Produce a faithful copy of the data, one that leaves out the pictures.

• **Data block**:
Content starts

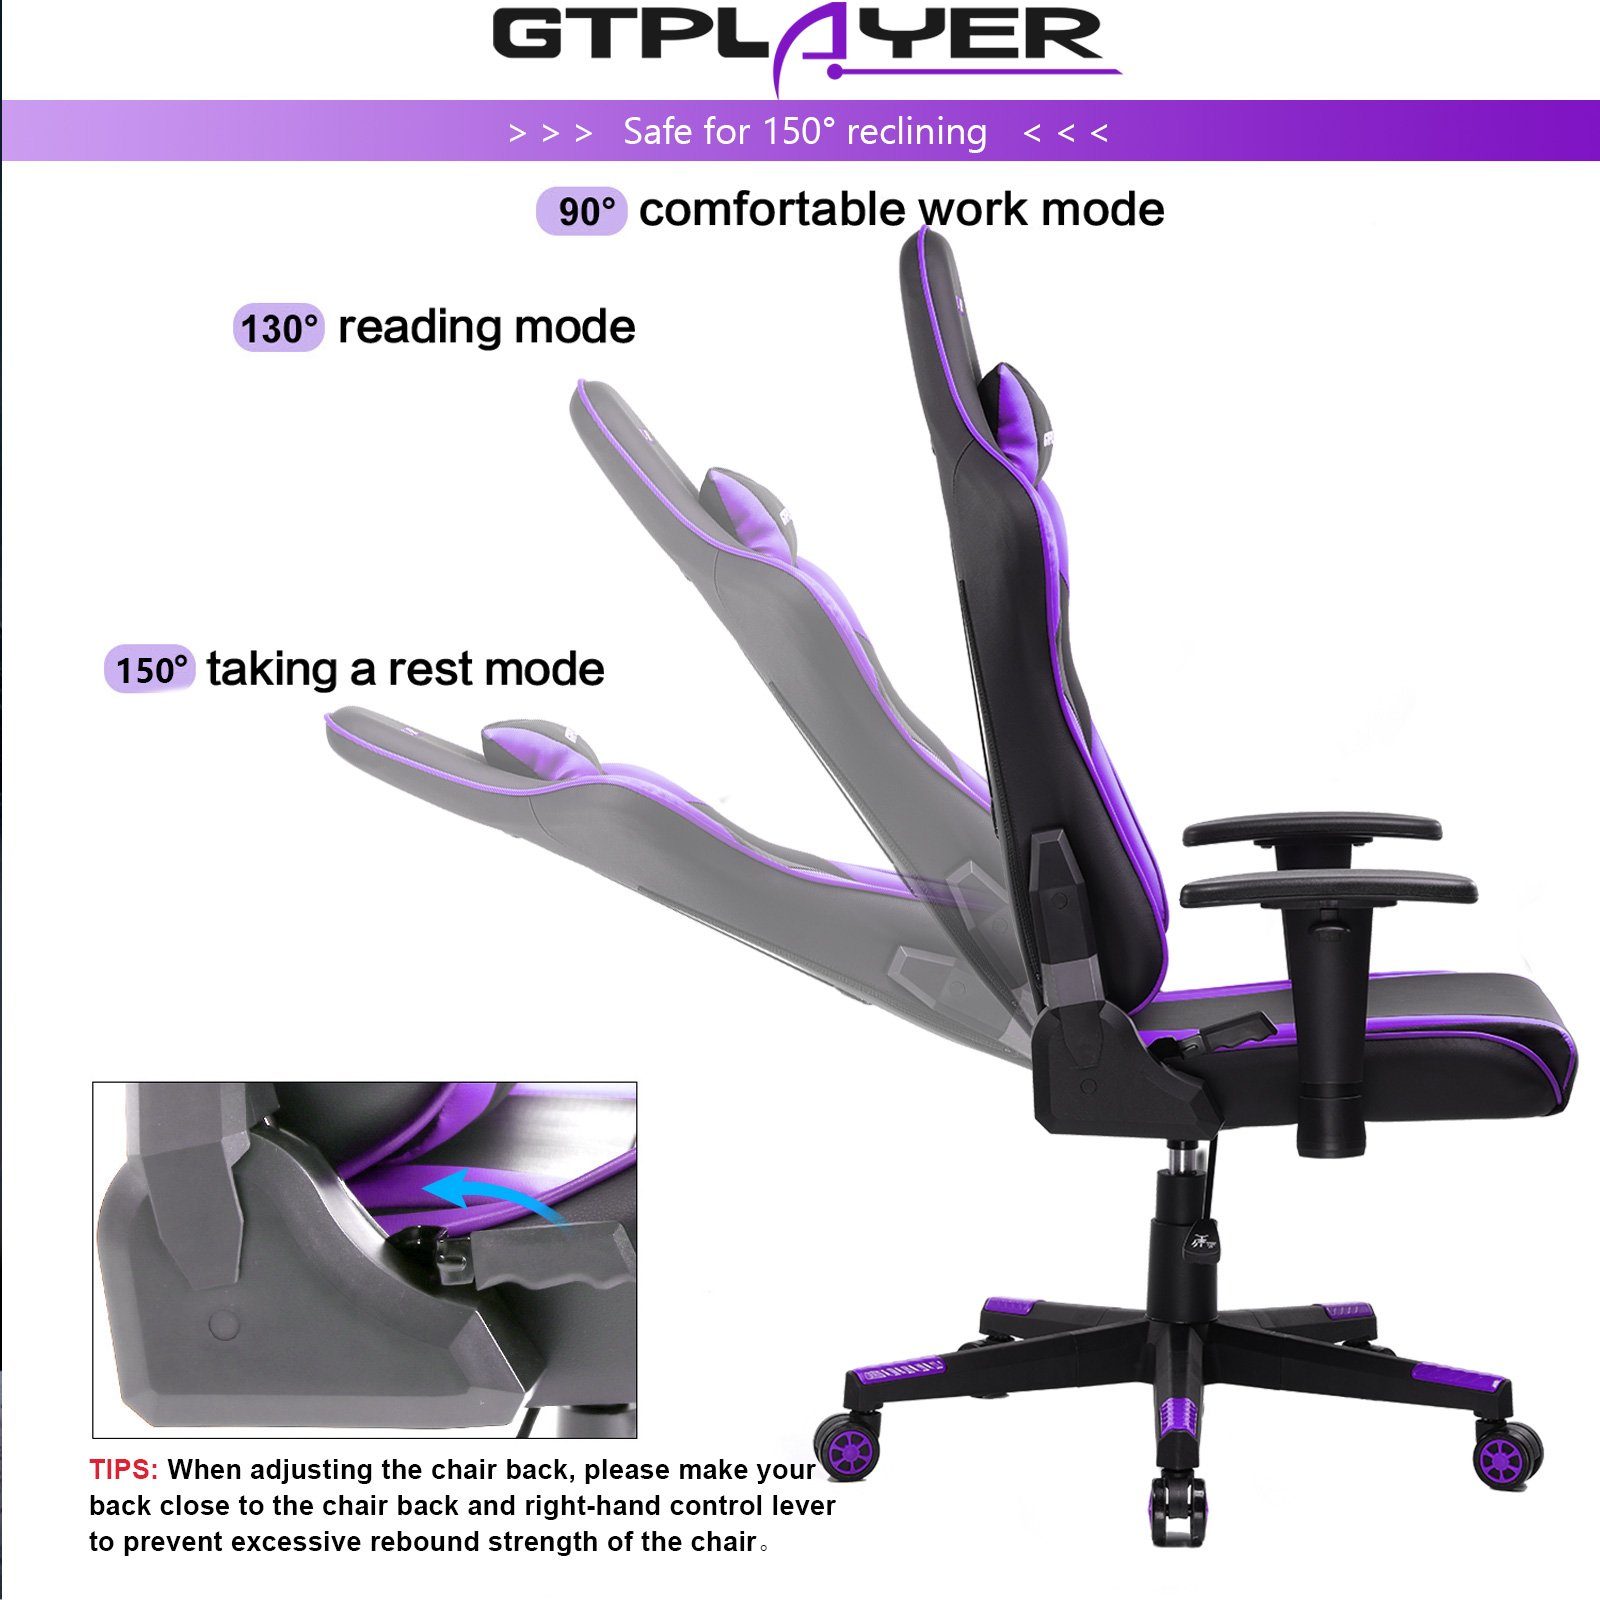 150 90°-165° Bürostuhl Stuhl, lila Gamer GTPLAYER Stuhl Gaming-Stuhl Neigungswinkel ergonomischer bis kg Gaming Sessel belastbar, Gaming
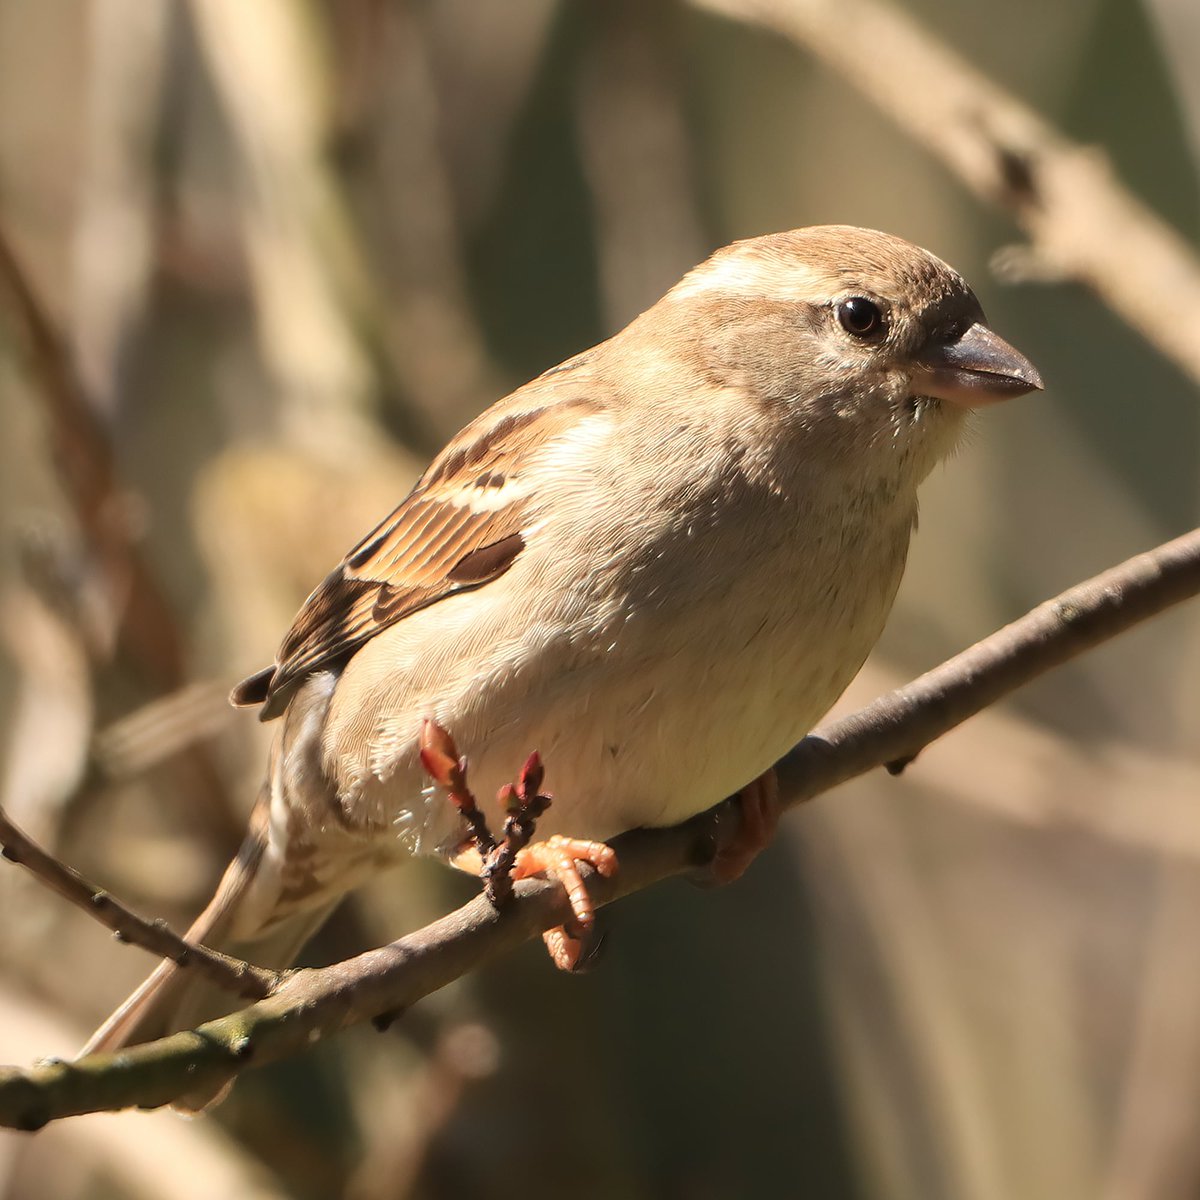 A female house sparrow is enjoying this sunny Saturday...
#housesparrows #housesparrow #sparrows #sparrow #birdpics #sunnysaturday #sunnysaturdays #ohiobirdworld #ohiobirdlovers #birdlovers #birdwatching #birdwatchers #birdlife #birdwatchersdaily

Content ends

• **Response box**:
 150 90°-165° Bürostuhl Stuhl, lila Gamer GTPLAYER Stuhl Gaming-Stuhl Neigungswinkel ergonomischer bis kg Gaming Sessel belastbar, Gaming
 A female house sparrow is enjoying this sunny Saturday...
#housesparrows #housesparrow #sparrows #sparrow #birdpics #sunnysaturday #sunnysaturdays #ohiobirdworld #ohiobirdlovers #birdlovers #birdwatching #birdwatchers #birdlife #birdwatchersdaily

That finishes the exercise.